1. Lines and distance Question

The question is;

Find the equations of the lines which pass through the point $(1,2)$ and have perpendicular distance of $1$ from the origin.

The question says "lines" and "equations". The plural makes me think I have gone wrong since I only have one. Here is working....

Let $l$ be a line which passes through $(1,2)$ then $l:~y=(2-a)+ax$ for some $a$. Let the line perpendicular to $l$ passing through the origin be $p$ and thus $p:~y=-\frac{1}{a}\cdot x$ .
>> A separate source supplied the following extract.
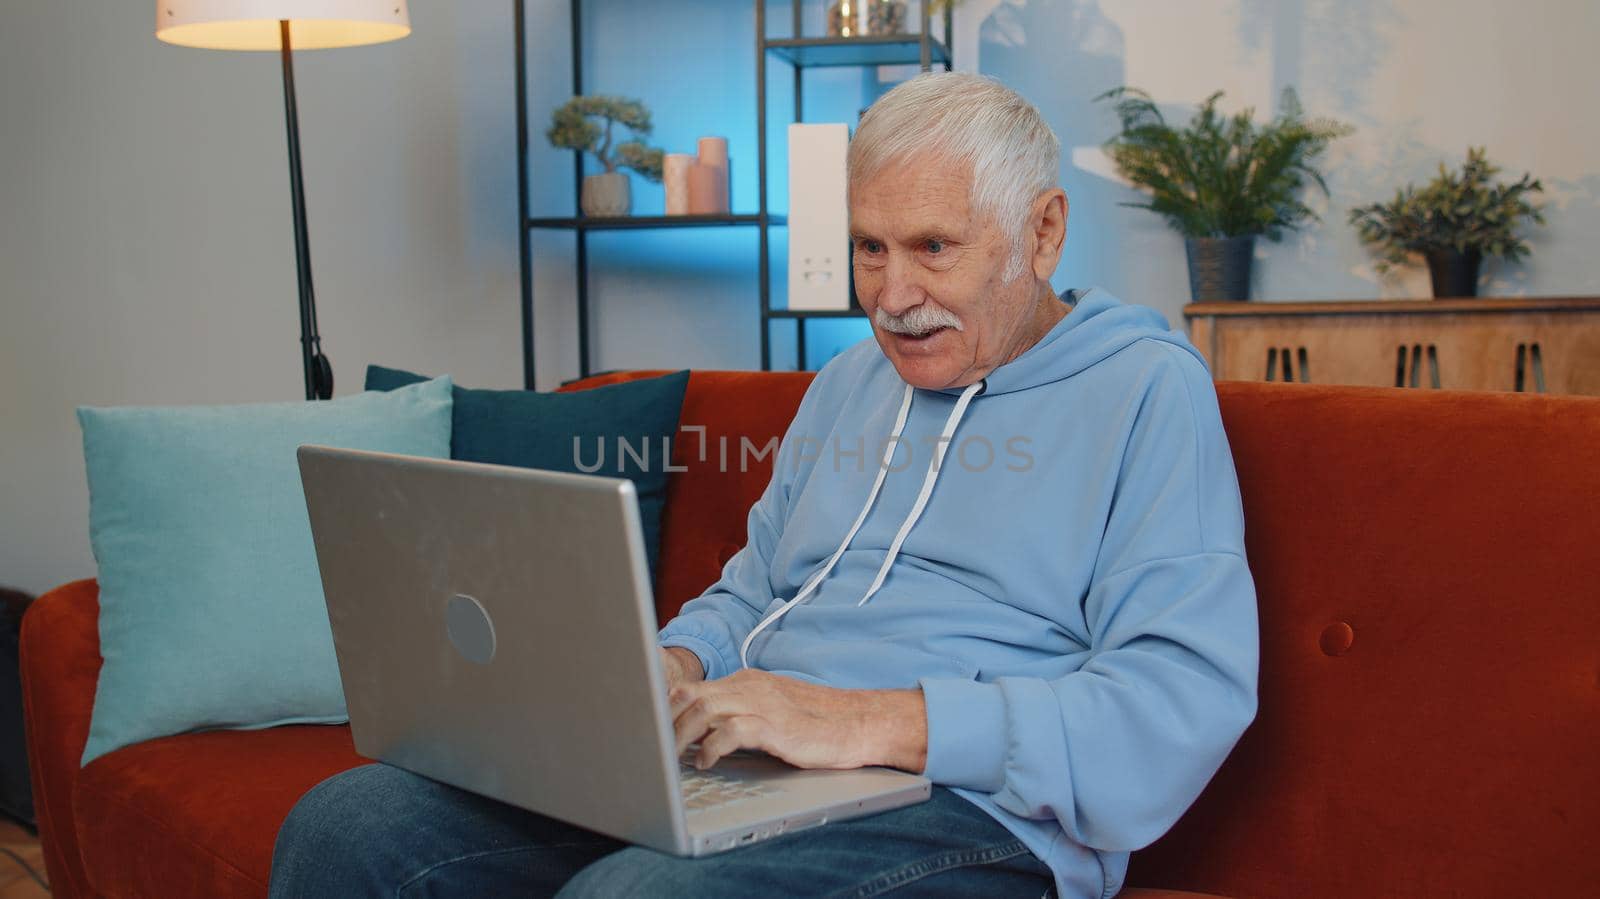 Mature elderly man freelancer at home living room sits on orange couch, opens laptop. Senior old retired grandfather works on notebook, sends messages, makes online purchases, watching movies, working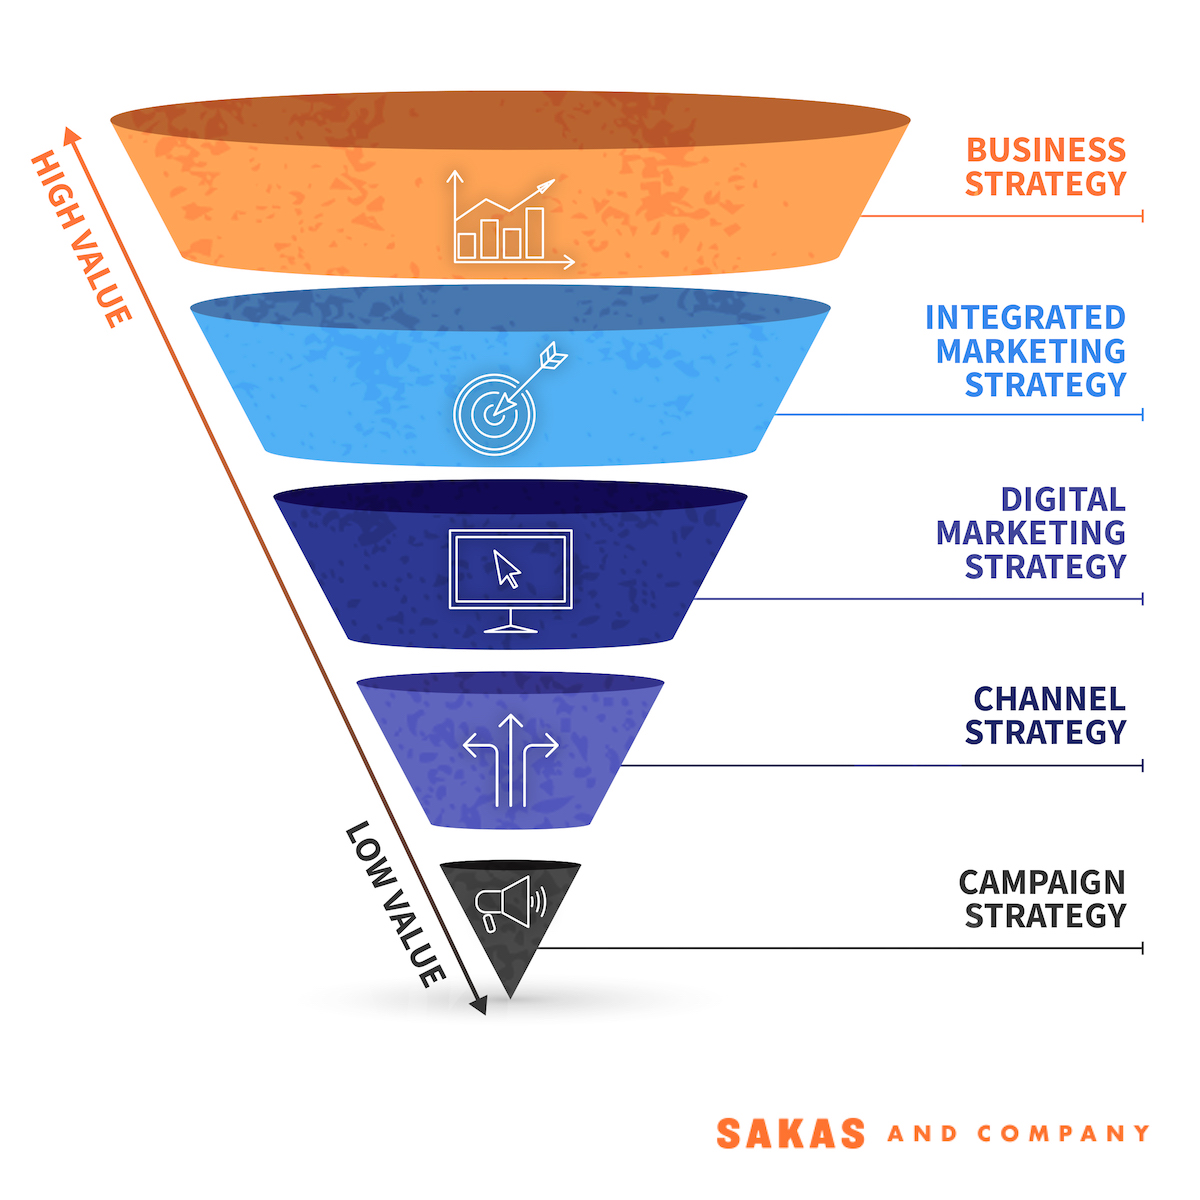 How close are your agencys services to the Business Strategy tier?

Let $l$ and $p$ intersect at $R$ then;

$(2-a)+ax=-\frac{1}{a}\cdot x$

$\implies x=\frac{a(a-2)}{a^2+1}~~,~~y=-\frac{(a-2)}{a^2+1}$

Thus $R:~\left(\frac{a(a-2)}{a^2+1}~,~-\frac{(a-2)}{a^2+1}\right)$

Let the distance between $R$ and the origin be $d$ then,

$d=\sqrt{\left(\frac{a(a-2)}{a^2+1}\right)^2+\left(\frac{(a-2)}{a^2+1}\right)^2}=\frac{(a-2)}{\sqrt{a^2+1}}=1$

$\implies (a-2)=\sqrt{a^2+1} \implies a=\frac{3}{2}$

and therefore the required line is $y=\frac{1}{2}(3x+1)$

The question says lines though. Did I do something wrong? or wrong method?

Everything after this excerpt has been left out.